Dwarf Hairgrass is easier to grow and pygmy chain sword grows extremely slow and needs light (more)


----------



## TeriyakiSawce (Jan 6, 2011)

thanks for the info


----------



## 2wheelsx2 (Apr 21, 2010)

In my experience, the E. tenellus was much quicker to propagate then the dwarf hairgrass in both CO2 or Excel dosed tanks, but that was my personal experience. I couldn't manage to not let the E tenellus get out of control so it slowly choked out my hairgrass.


----------



## Treasure chest (Apr 21, 2010)

I had similar experience with E. tenellus. It grew like weed that choked my glosso carpeting.


----------



## EDGE (Aug 24, 2010)

saggitaria subulata, E tenellus, hair grass (E parvula), sword grass (lilaeopsis?)

In that order from easy to more difficult (lighting requirement and growth speed). They all will do well with shrimps. With shrimp, you want to have something that grow fast and prolific than slow and steady.

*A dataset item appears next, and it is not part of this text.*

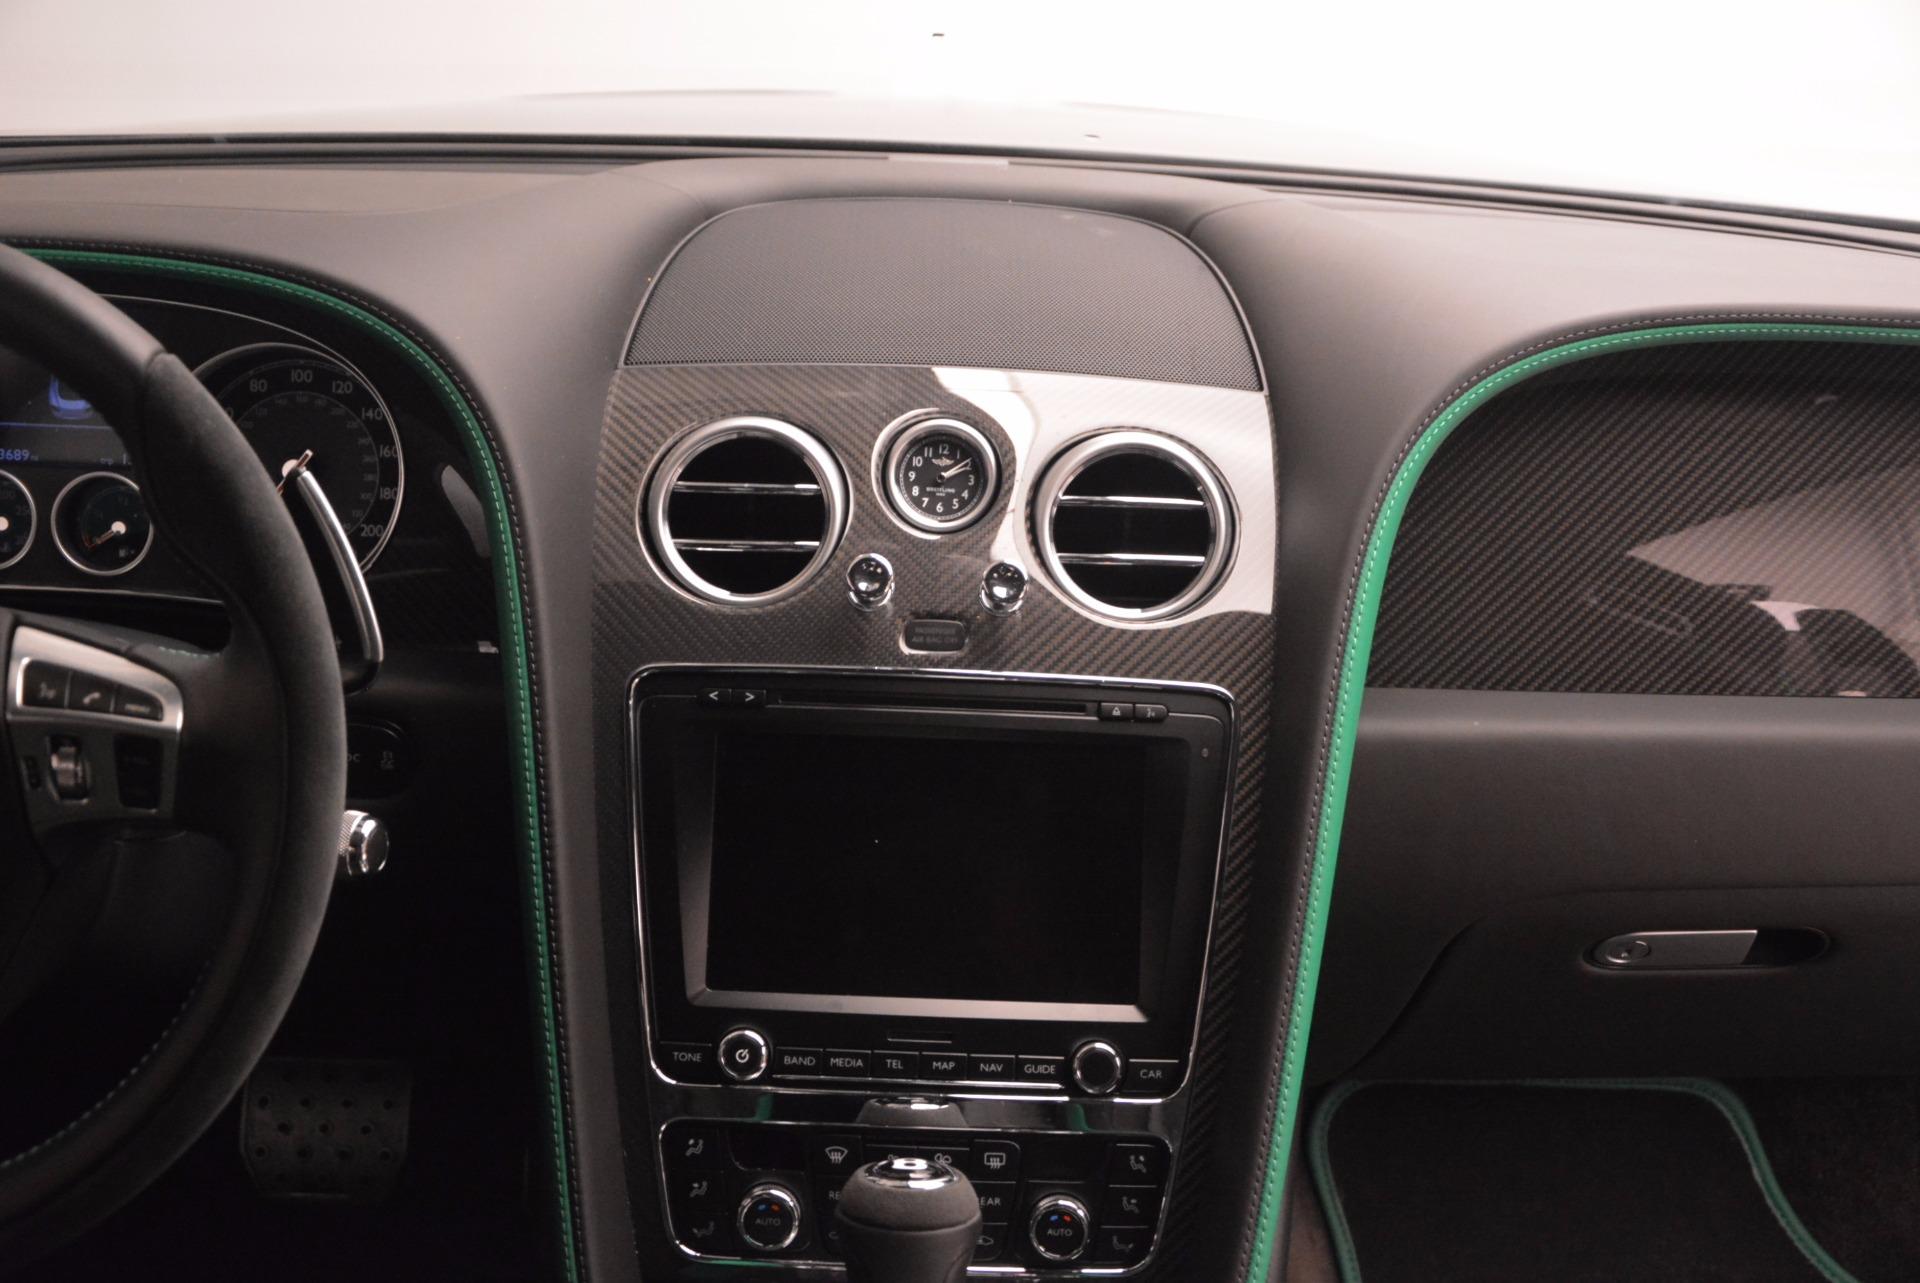 Used 2015 Bentley Continental GT GT3-R For Sale In Westport, CT 1002_p48
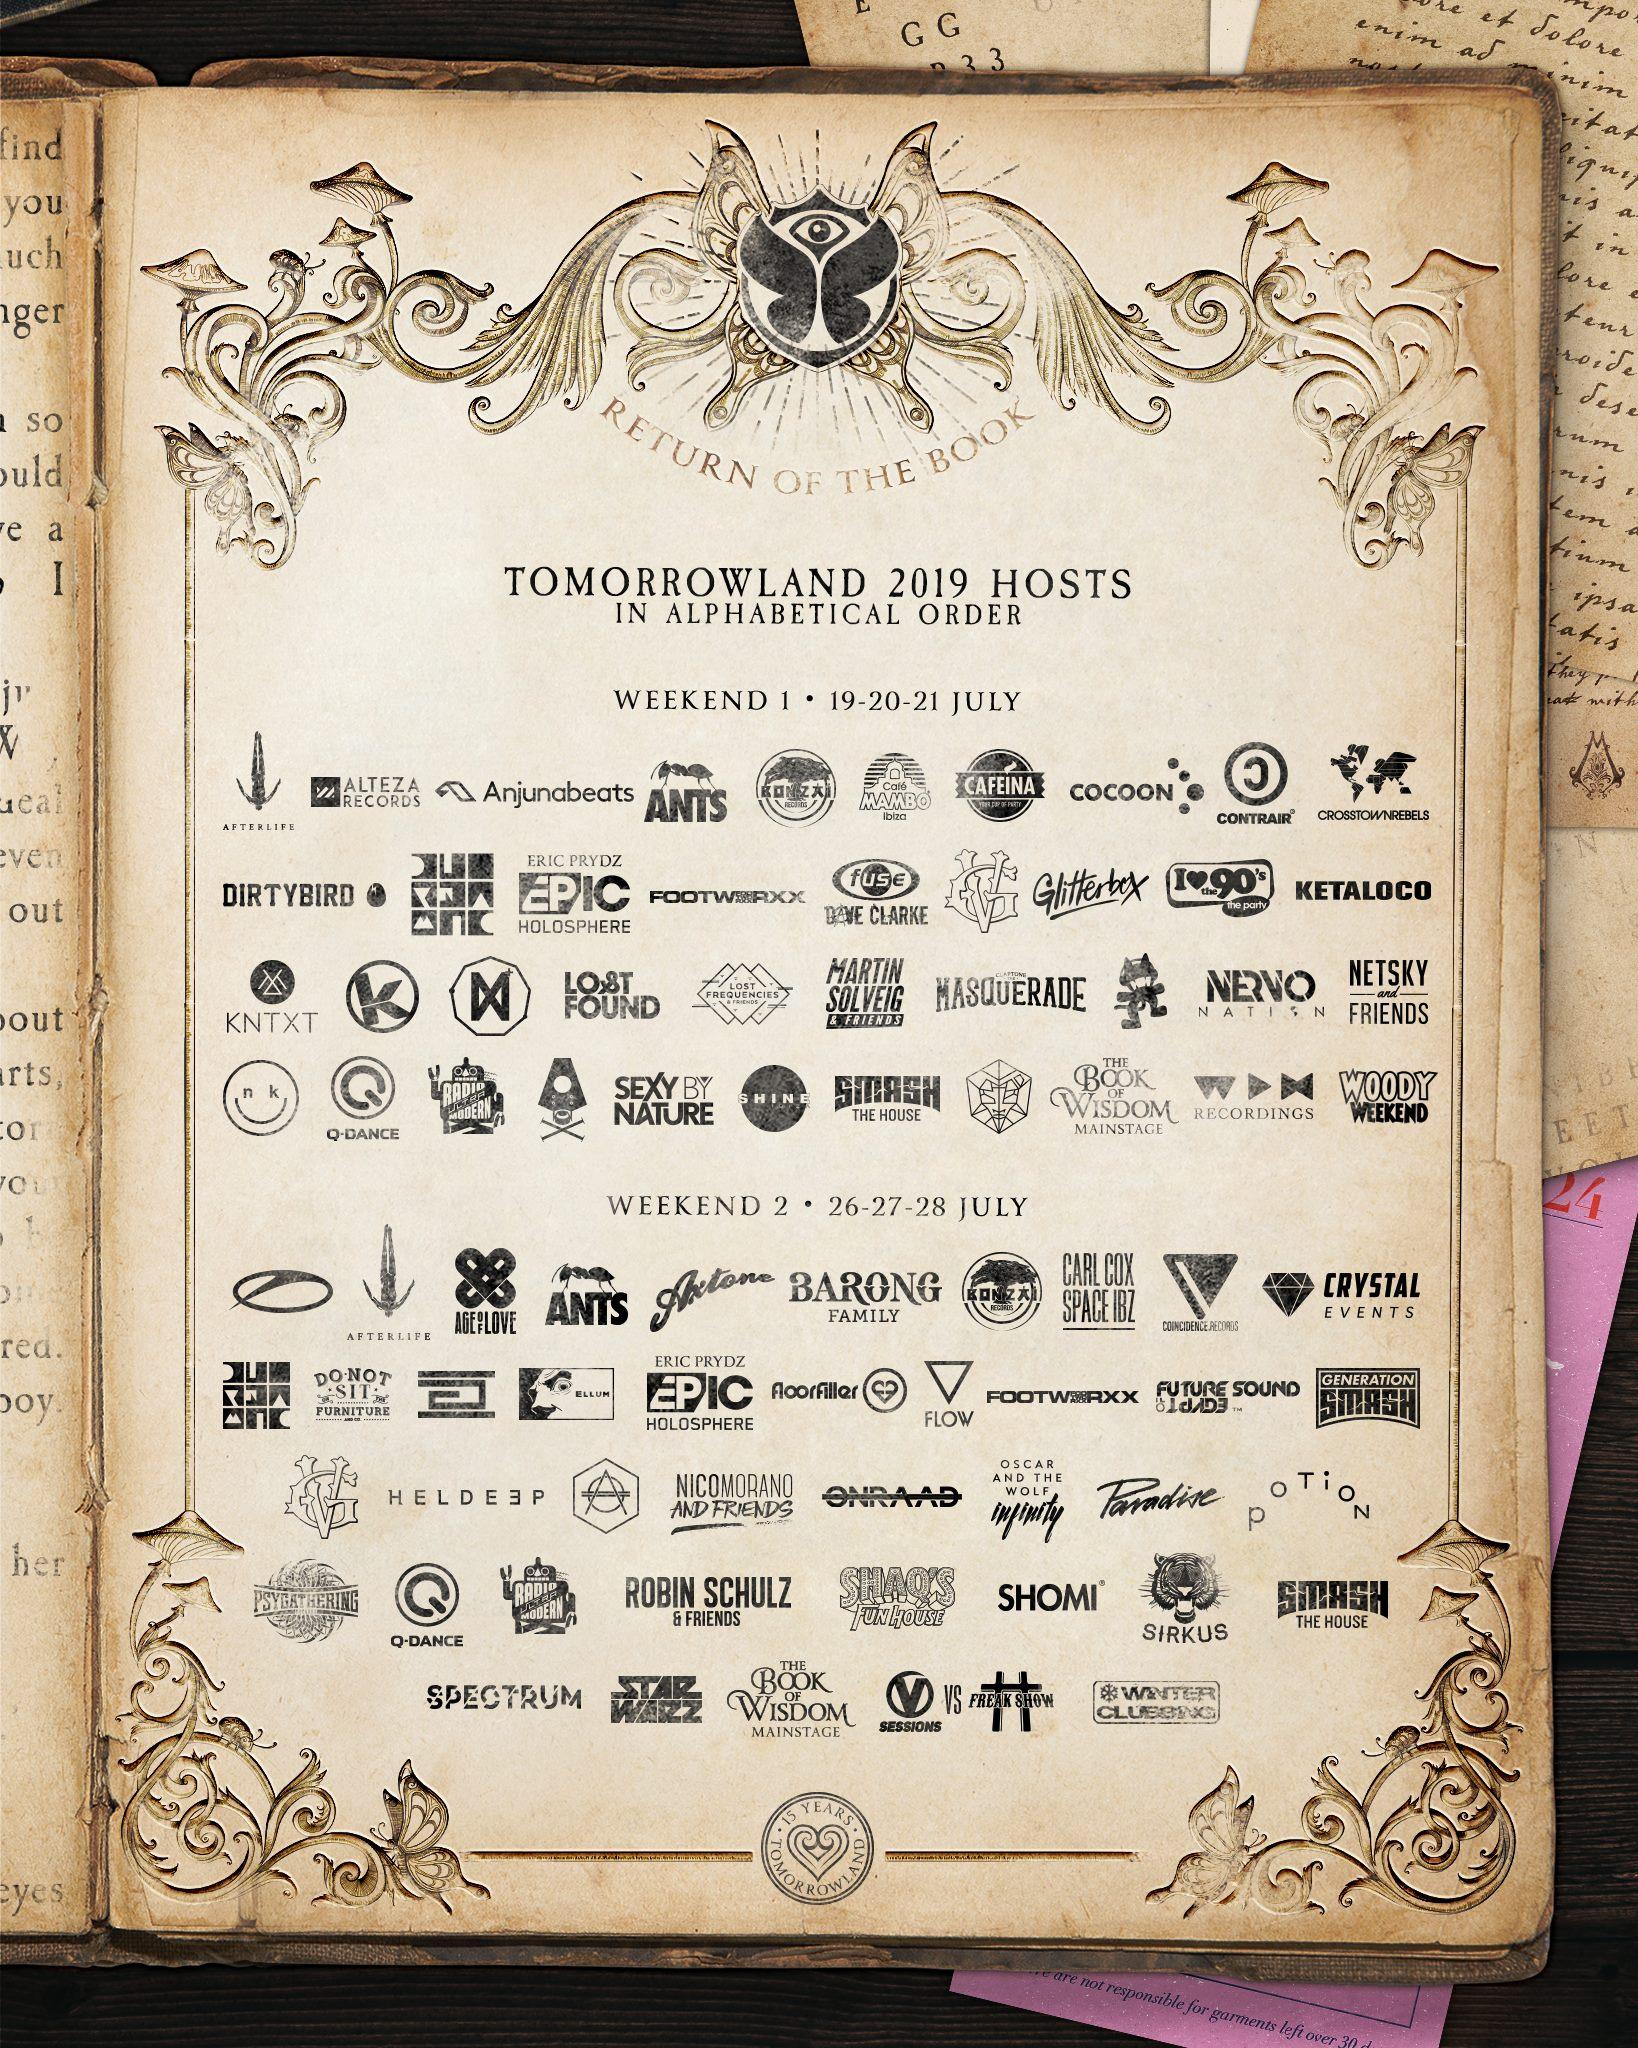 Tomorrowland 2019 Stage Hosts

lilaeopsis has more of a contemporary modern look where as the other has more of a natural and unkempt look.


----------



## plantedinvertz (Apr 21, 2010)

Sorry i didnt mean pygmy chain sword i meant micro-sword grass xD


----------



## tang daddy (Apr 21, 2010)

plantedinvertz said:


> Sorry i didnt mean pygmy chain sword i meant micro-sword grass xD


I was going to say because pygmy chain took over my tank in a couple months I had a 10g full of this stuff....


----------